▶ **What you will do**:
Restate word for word the lines below, from the one containing "man in front of beer" through the final line, with no pictures included.

▶ **Dataset content**:
*** Block opens ***

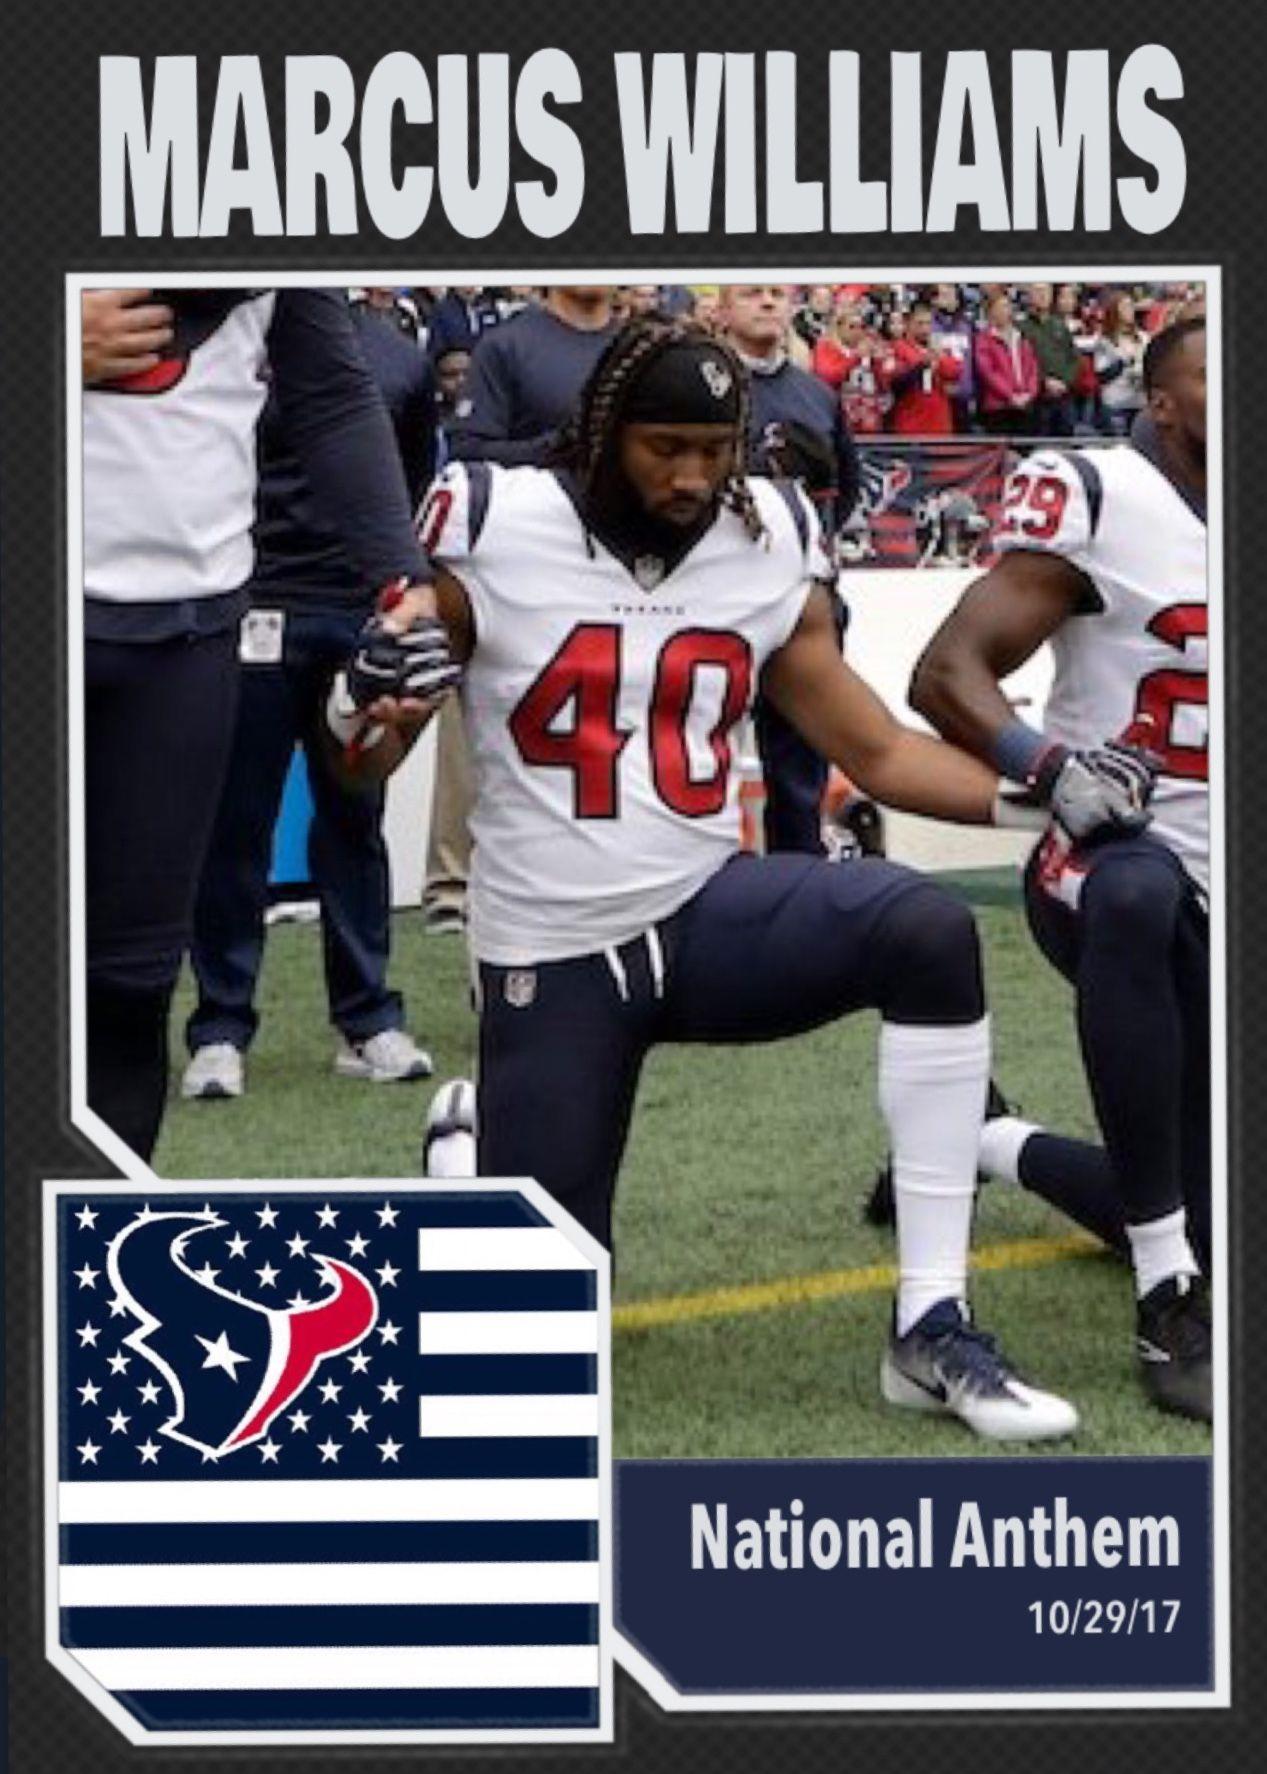 Marcus Williams Houston Texans National Anthem 10 29 17 Imwithkap William Houston National Anthem Anthem
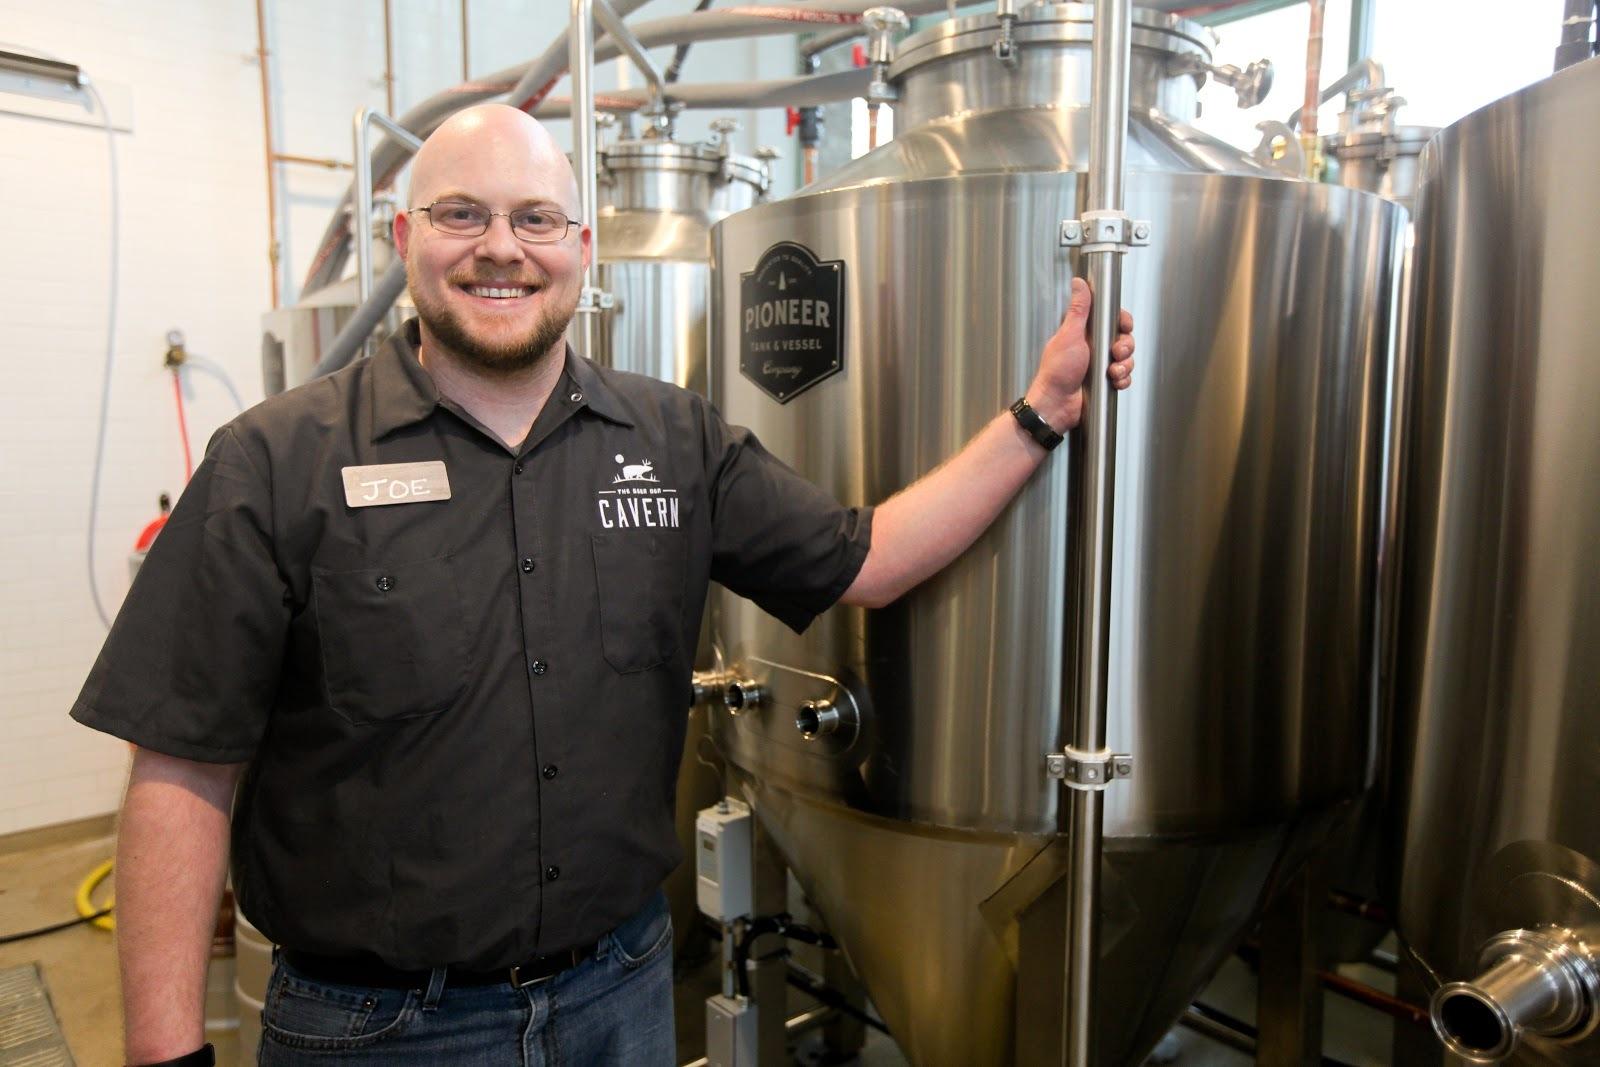 man in front of beer
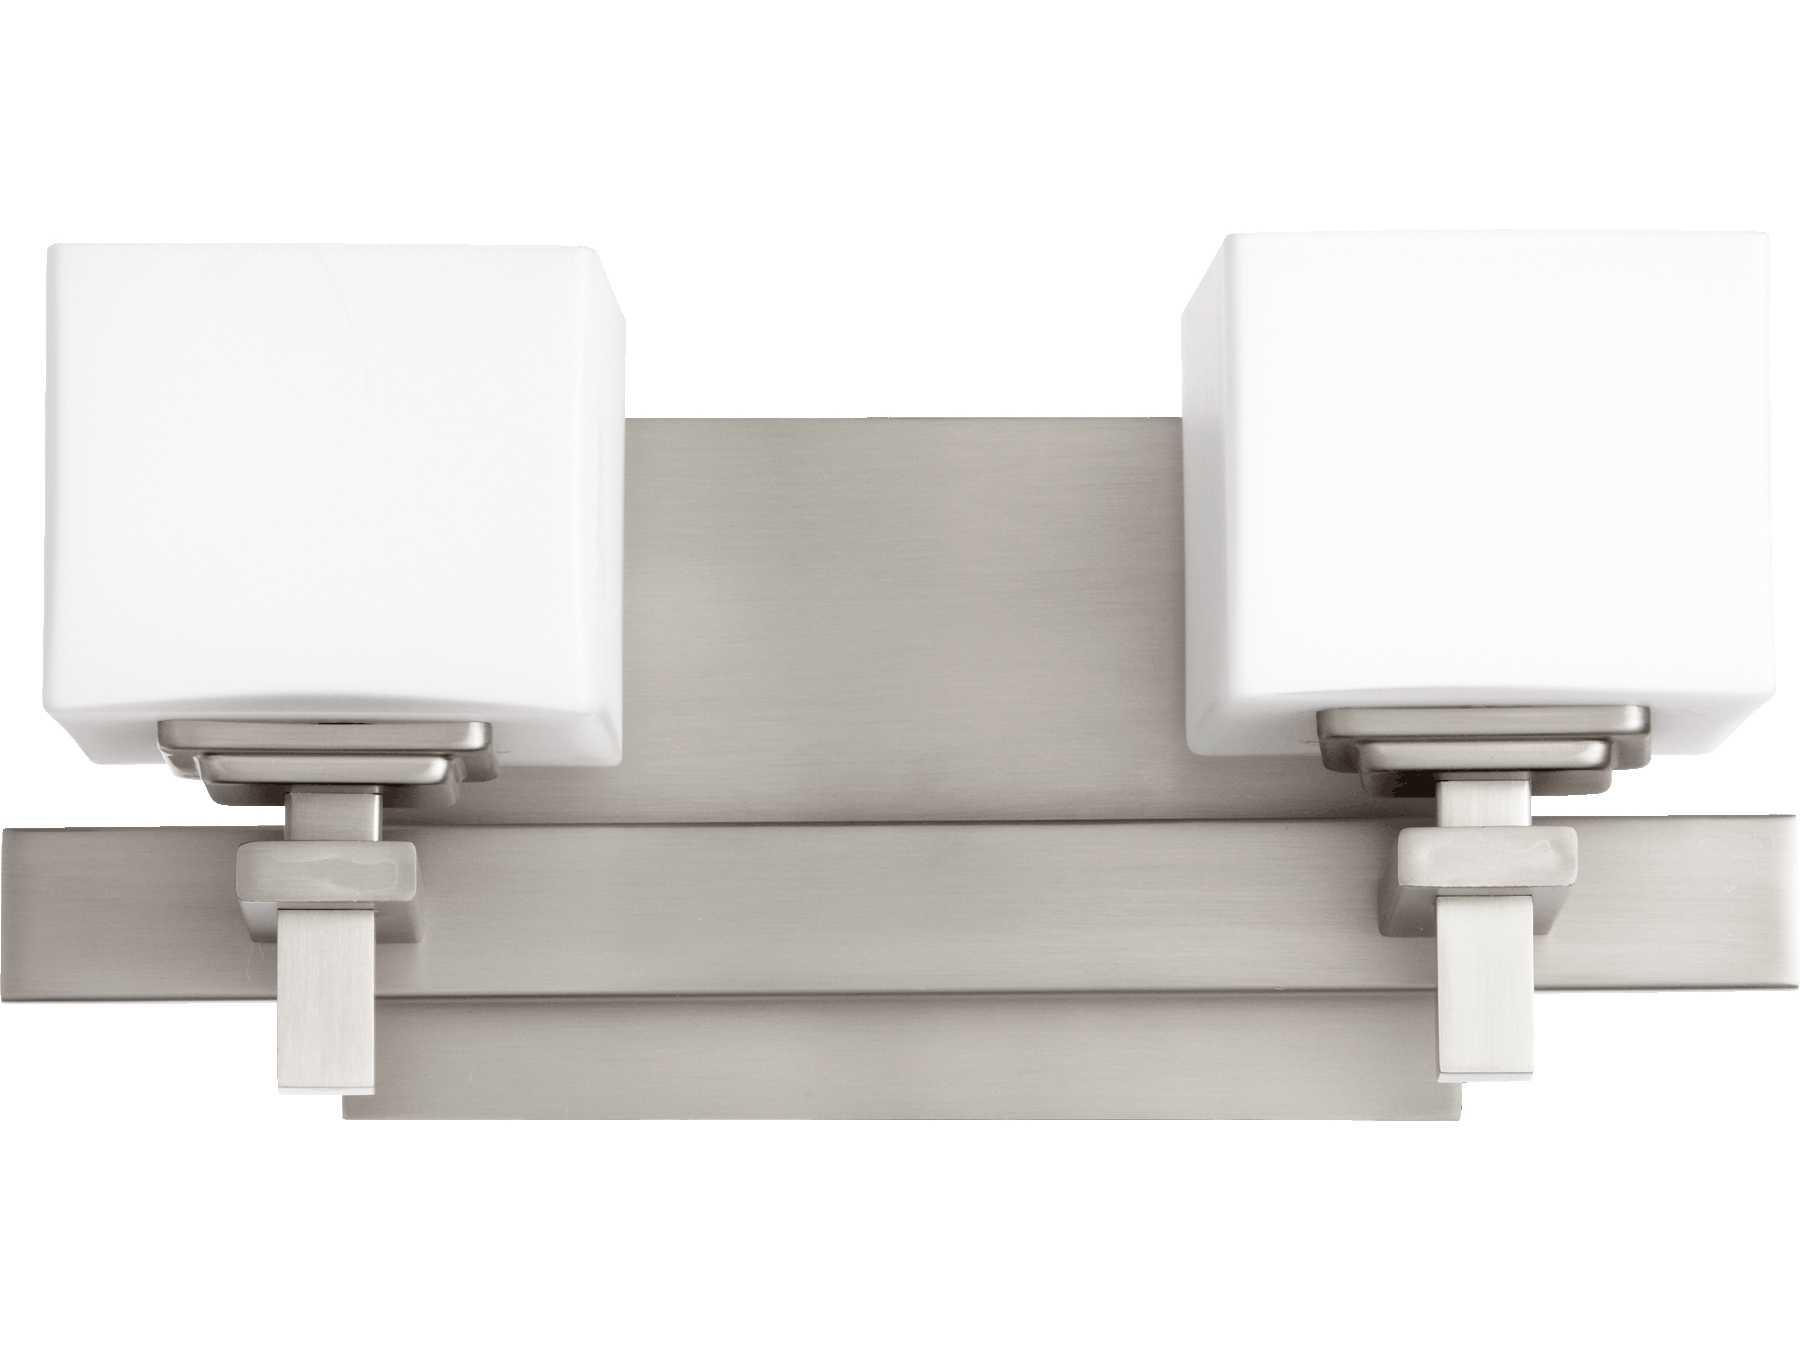 Quorum international satin nickel two lights wall sconce for International decor wall lights
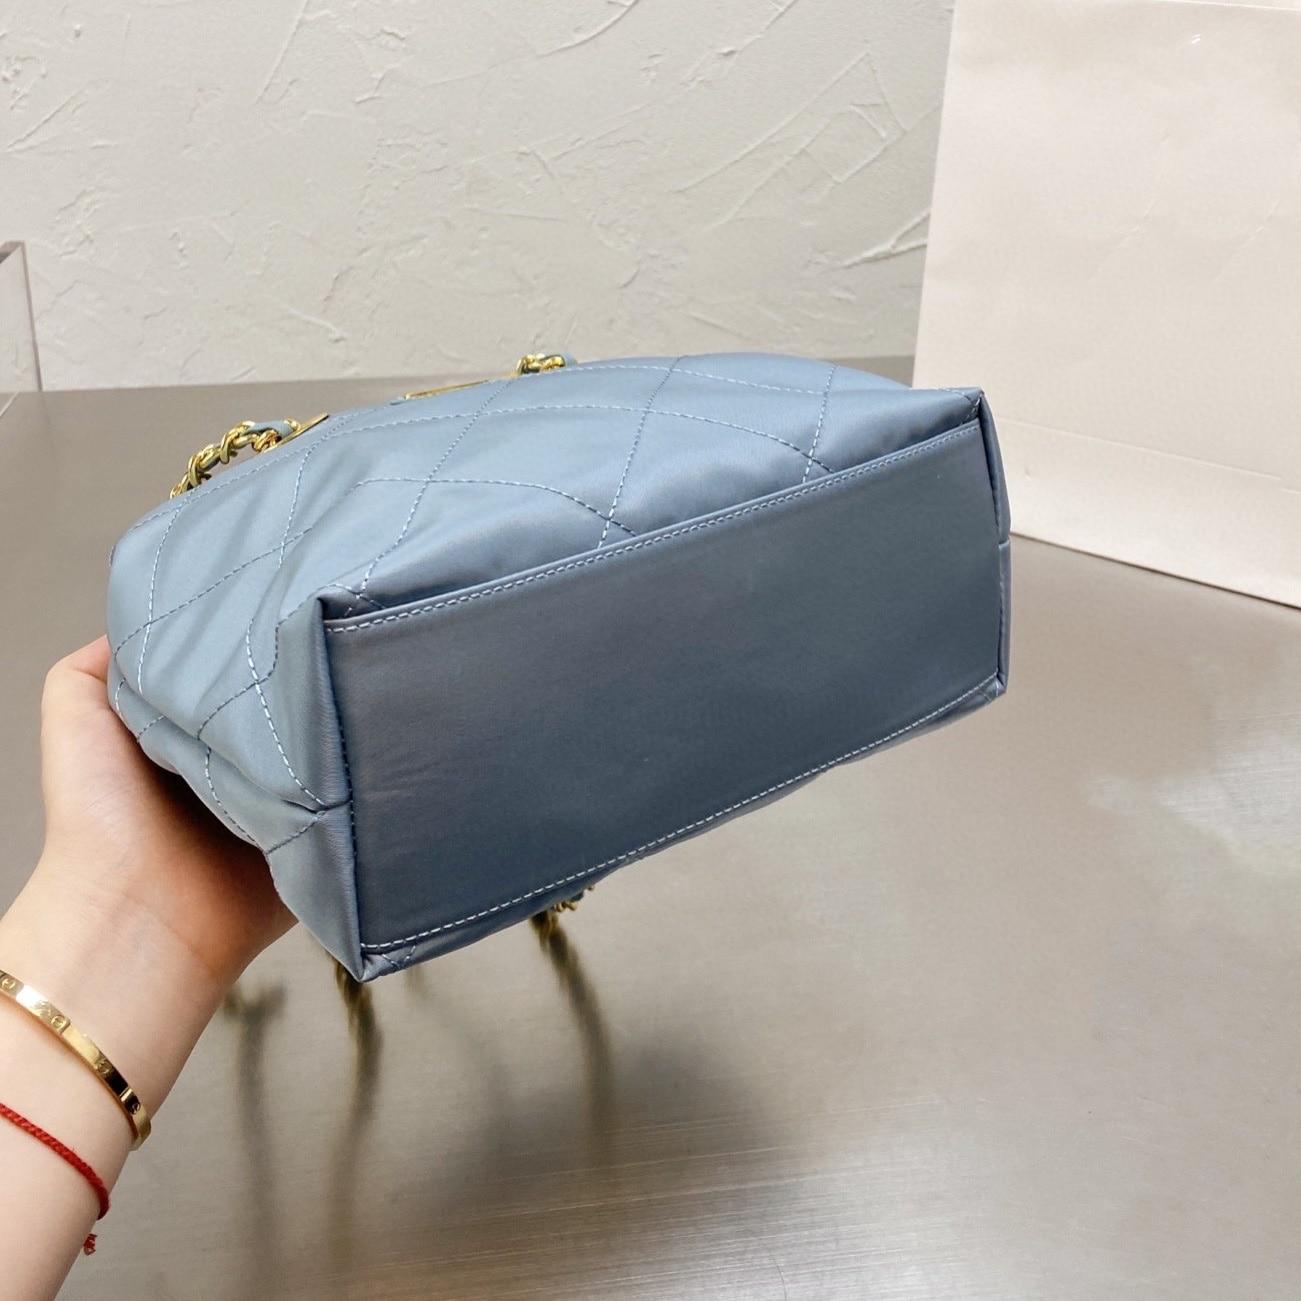 Queenie 2021 جديد مادة النايلون معدن مقلوب مثلث الديكور مريحة وتنوعا واحد في الكتف حقيبة ساعي الإناث

*** Block closes ***

▶ **Answer space**:
 man in front of beer
 Quorum international satin nickel two lights wall sconce for International decor wall lights
 Queenie 2021 جديد مادة النايلون معدن مقلوب مثلث الديكور مريحة وتنوعا واحد في الكتف حقيبة ساعي الإناث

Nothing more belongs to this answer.